Programming the Universe by Seth Lloyd

On Wednesday, I attended Programming the Universe, a lecture by MIT Professor of Quantum-Mechanical Engineering, Seth Lloyd, to promote his new book ... wait for it ... Programming the Universe. The lecture was hosted by the Perimeter Institute for Theorectical Institute, and while most of their public lectures tend to be held in Waterloo, this was one of the few that came to Toronto. For a lecture of this caliber, it was unfortunate that the location chosen was the Bloor Collegiate Institute -- a local high school. I'm sure a lecture hall at one of the local universities was free that night. The location did nothing to help the lecture, and at worst, was a distraction.

Lloyd is a pretty good speaker. He has a sense of humour that was maybe lost on some of his audience -- but would probably get a lecture hall of his students to react. Unfortunately, he brought his classroom lecture style to an audience that was peppered by idiots. Lloyd invited questions -- asking to be interrupted if the audience didn't understand. The idiots of the audience saw this as an open invitation to interrupt with some of the most inane questions.

Seth Lloyd is at the forefront of research in quantum computing -- the branch of science that uses the quantum properties of atoms to process information. His research has led him to conclude that the universe itself is digital. At the lowest levels, particles are processing information, and as the universe ages, more information is getting produced. In effect, everything is part of the greater sum, and the greater sum is a universe that is a gigantic information processing entity. Everything is computing. The particles that make up you and I are working away processing information -- although that information may be completely meaningless. Yet this processing in his view is what is responsible for reality as we know it. Everything is connected, everything interacts, and from that processing, reality is produced. Lloyd believes that looking at the universe as an information processor at the lowest levels, is key to understanding the origins of the universe, its evolution, and where its going. Eventually, he expects that this view of the universe may help in creating and understanding a unified theory of everything.

When you think of the universe as a computer, and you understand that the information processing occurring at a fundamental, quantum level, is very, very simple, you might think, so what? What's the big deal? Isn't looking at the quantum information processing of the universe just an analogy?
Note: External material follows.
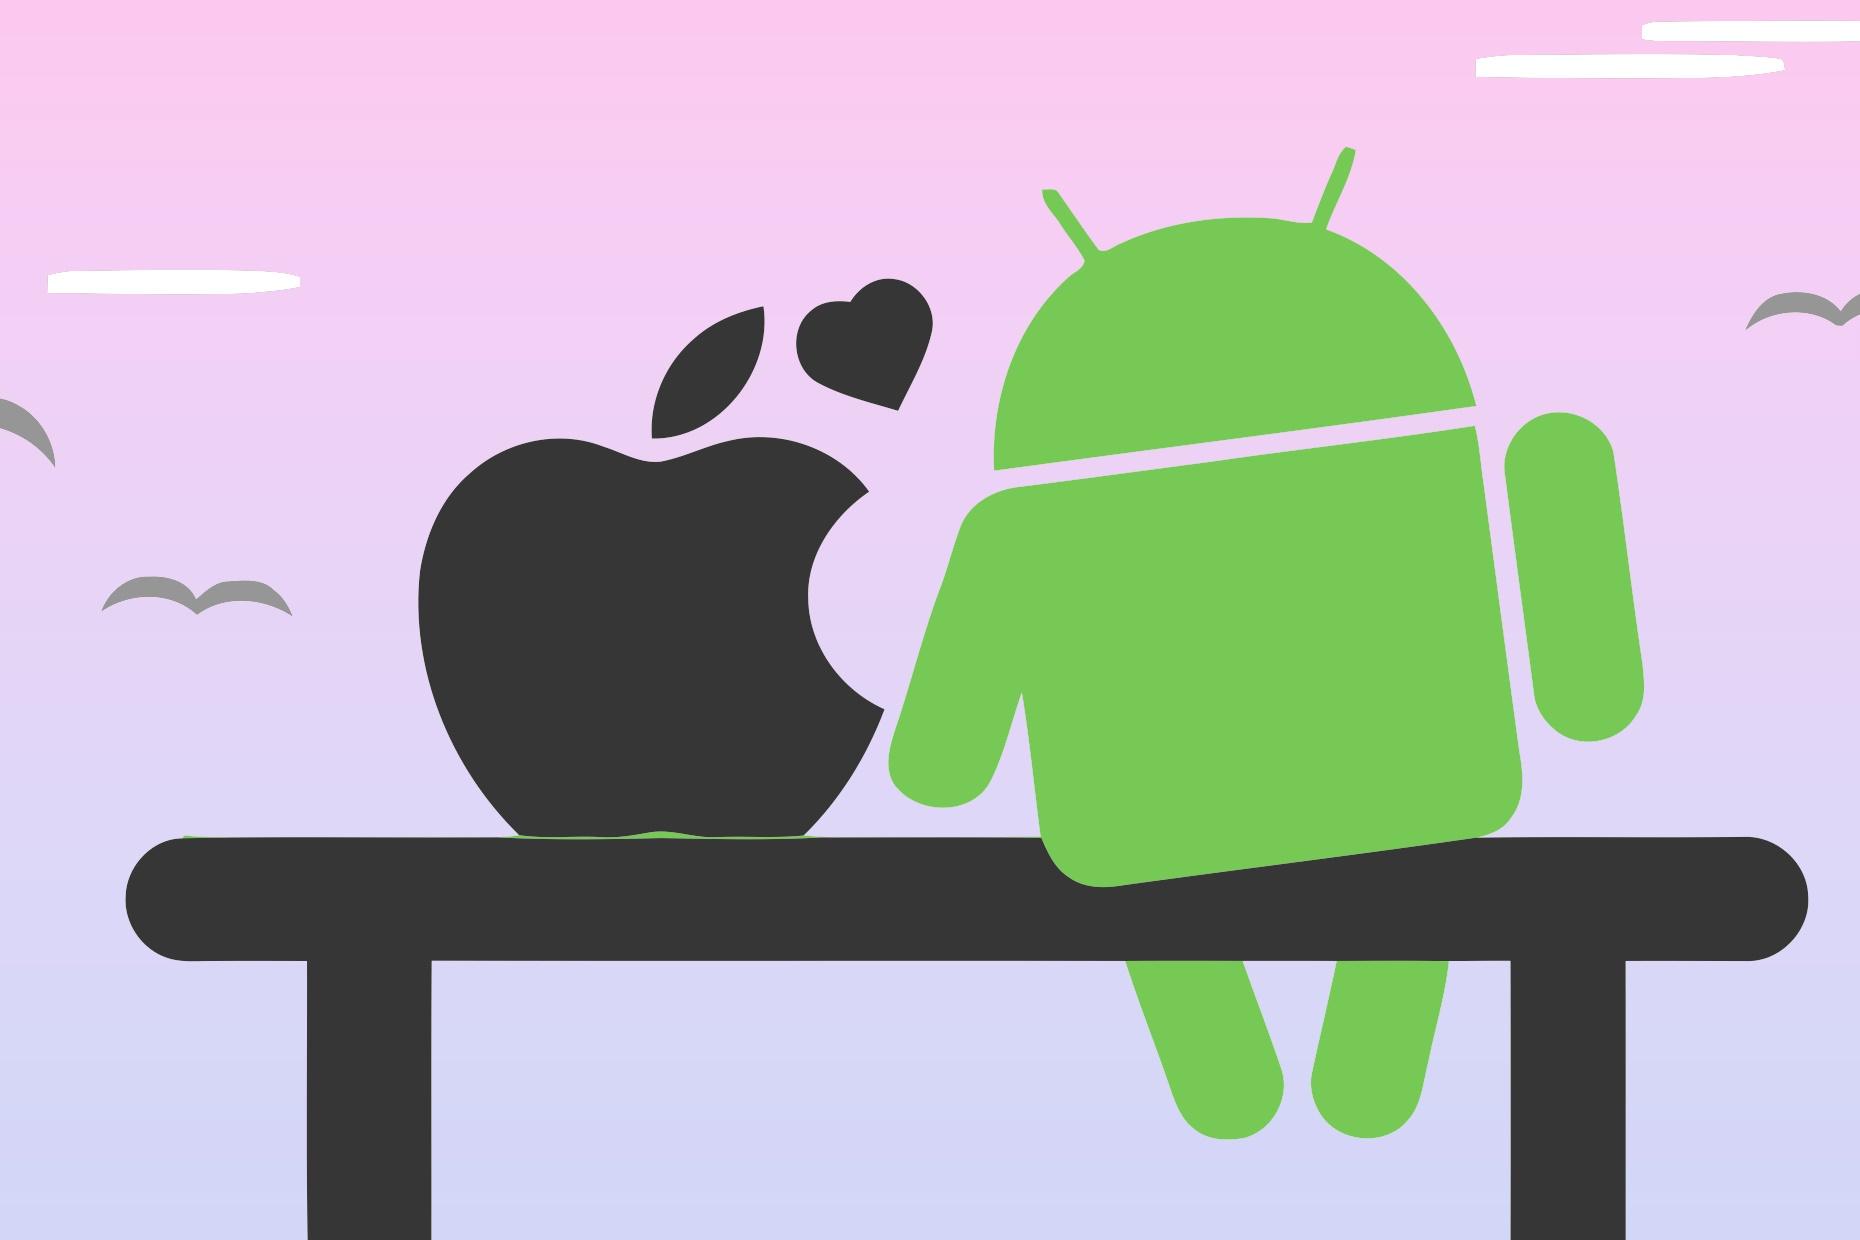 Imagem de Android x iOS: 7 diferenças básicas na criação de apps [infográfico] no tecmundo

And you would be right to ask such a question. When you realize however, that at at a fundamental level, all complex computer programs really just build on the routines of previous, simpler programs, leading all the way back to the fundamental on/off switch, you start wonder. At least I do -- on a philosophical level. What the universe is, will be, becomes something very difficult to contemplate. I am not conceited enough to think that we are the paragon of its evolution -- but we're certainly a part of it, a small part perhaps -- and a small part that is observing the whole in wonder, and seeing ourselves in it, are left with many unanswered questions.